5.8 Ms. Kunda cited Section 52 of the Employment Code Act to demonstrate that the Court had no jurisdiction to entertain this matter. Section 52 of the Employment Code Act provides as follows:
"52. ( 1) A contract of employment terminates in the manner stated in the contract of employment or in any other manner in which a contract of employment is deemed to terminate under this Act or any other law, except that where an employer terminates the contract, the employer shall give reasons to the employee for the termination of the employee's contract of employment; and
(2) An employer shall not terminate a contract of employment of an employee without a valid reason for the termination connected with the capacity or conduct of the employee or based on the operational requirements of the undertaking.
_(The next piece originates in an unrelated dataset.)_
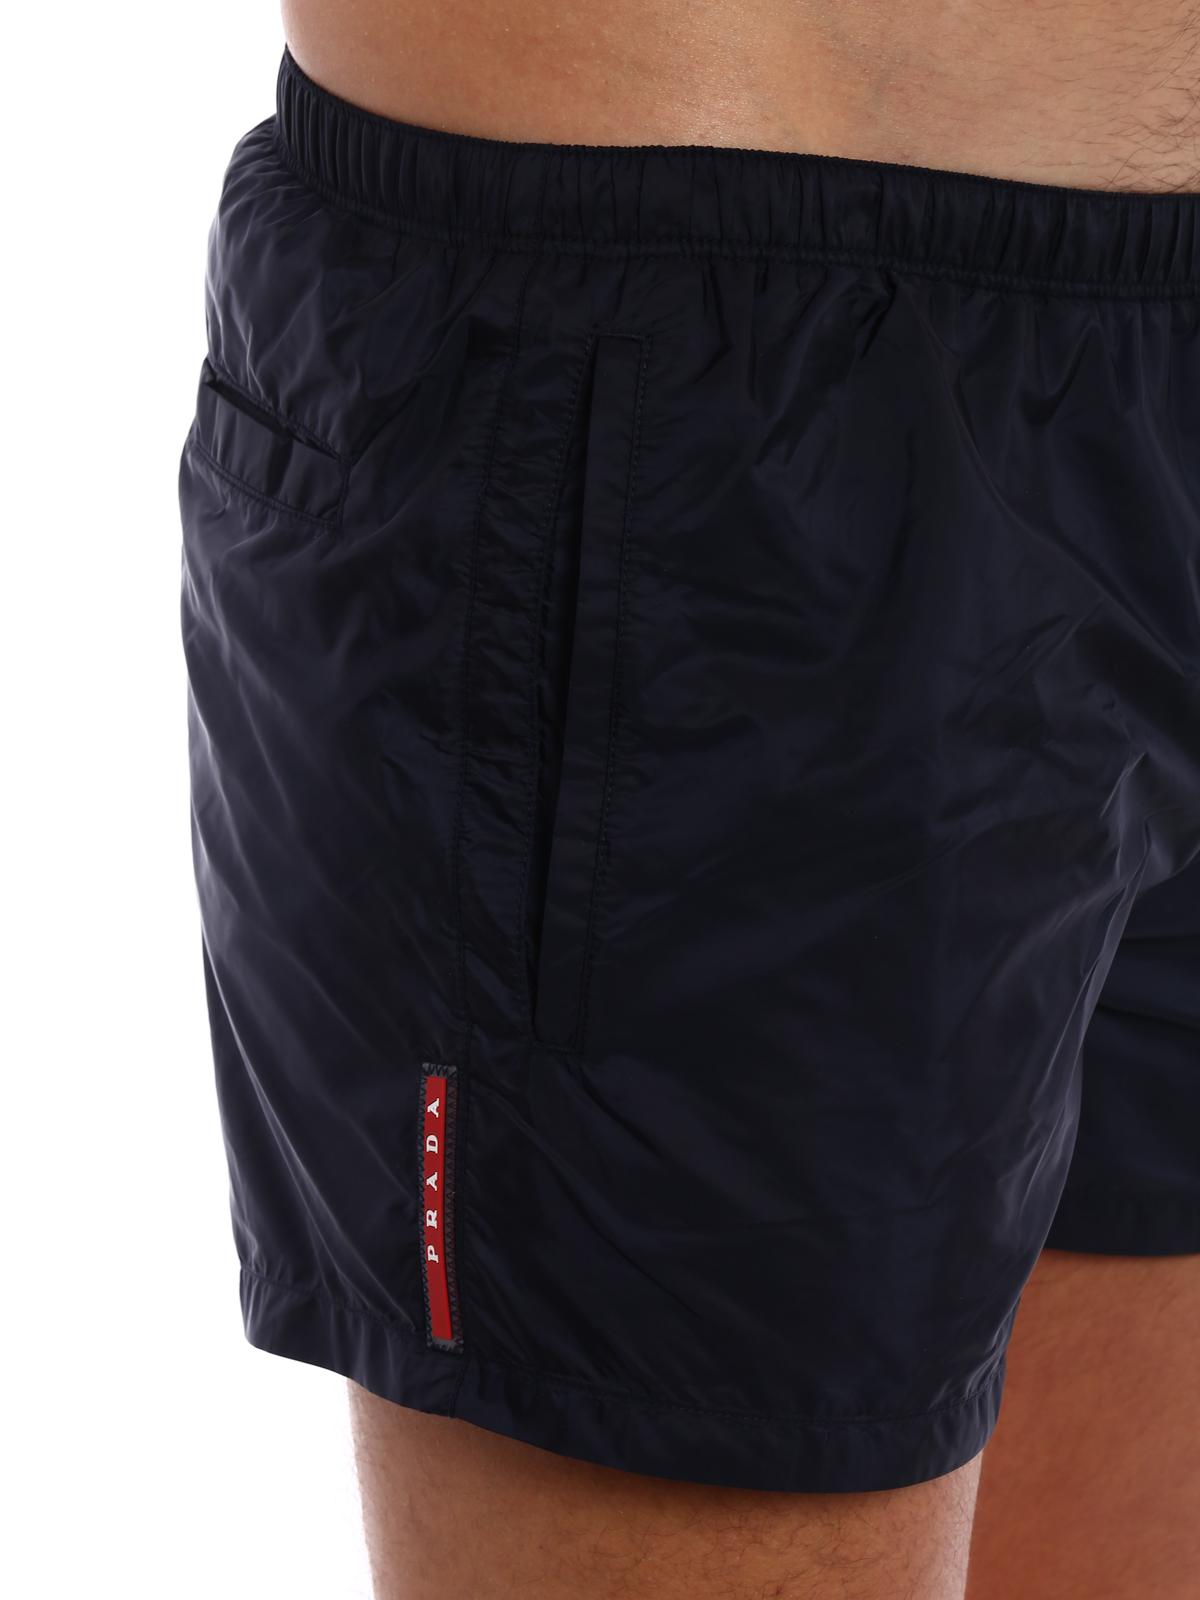 cdeb475273 Prada - Dark blue nylon swim shorts - Swim shorts & swimming trunks ...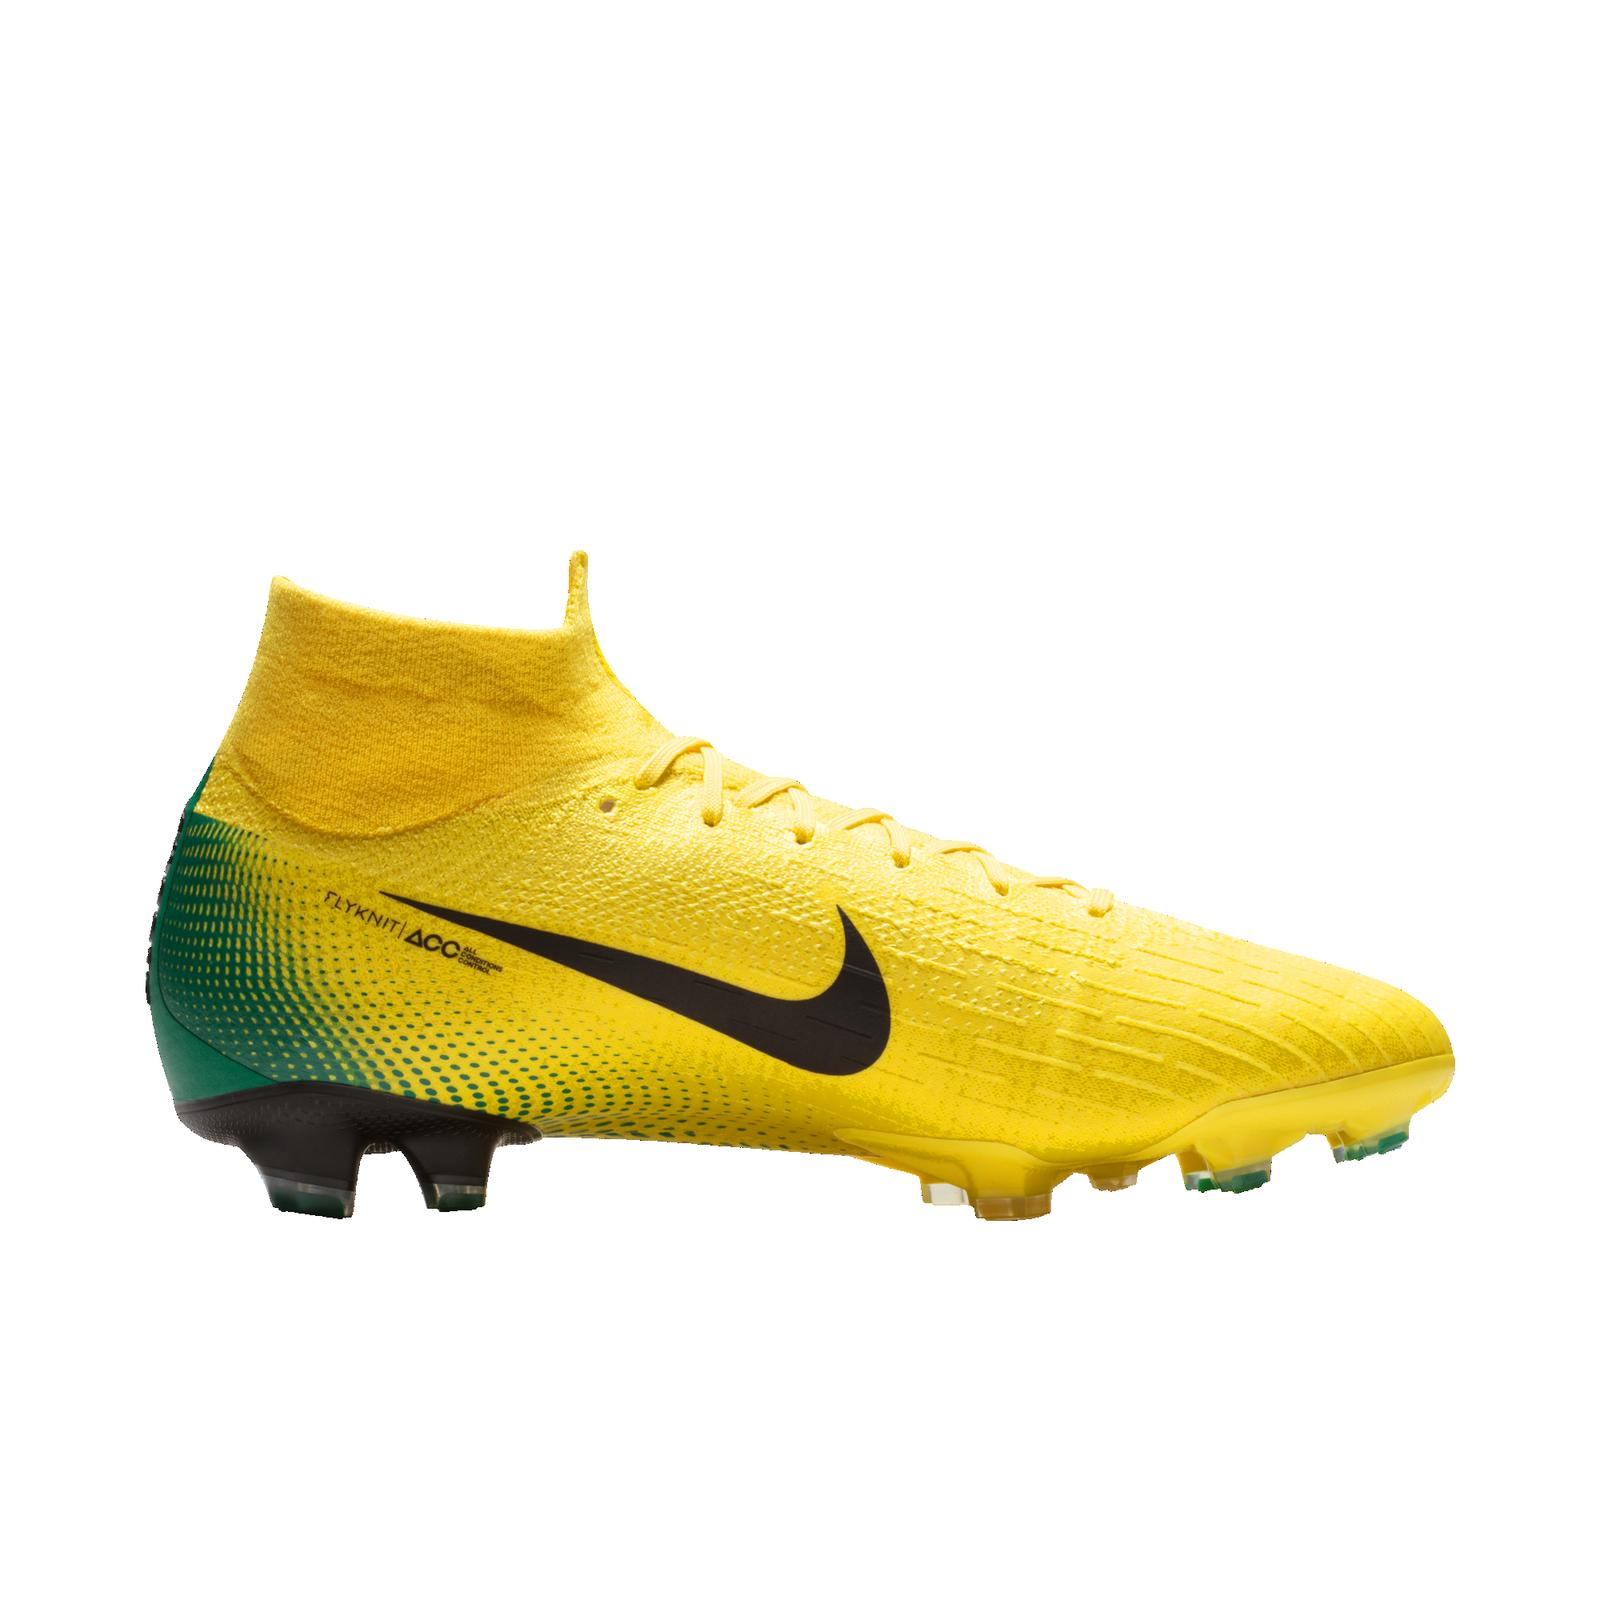 sale retailer b3319 fe953 Nike 1998, 2002, 2006, 2010 and 2014 Mercurial 360 Heritage ...

(4) An employer shall not terminate a contract of employment of an employee based on reasons relating toR9
(a) union membership or participation in union activities outside working hours or, with the consent of the employer, within working hours;
(b) seeking office as, acting or having acted in the capacity of, an employee's representative;
(c) the filing of a complaint or the participation in proceedings against an employer involving alleged violation of laws or recourse to administrative authorities;
( d) a discriminatory ground under section 5;
(e) family responsibilities relating to taking care of a member of an employee's immediate family;
(f) absence from work during maternity or paternity leave; or
(g) temporary absence from work during sick leave or injury.
(6) An employee who has reasonable cause to believe that the employee's services have been terminated contrary to this section may report the matter to an authorised officer under section 121 or, within thirty days of the termination lay a complaint before the court."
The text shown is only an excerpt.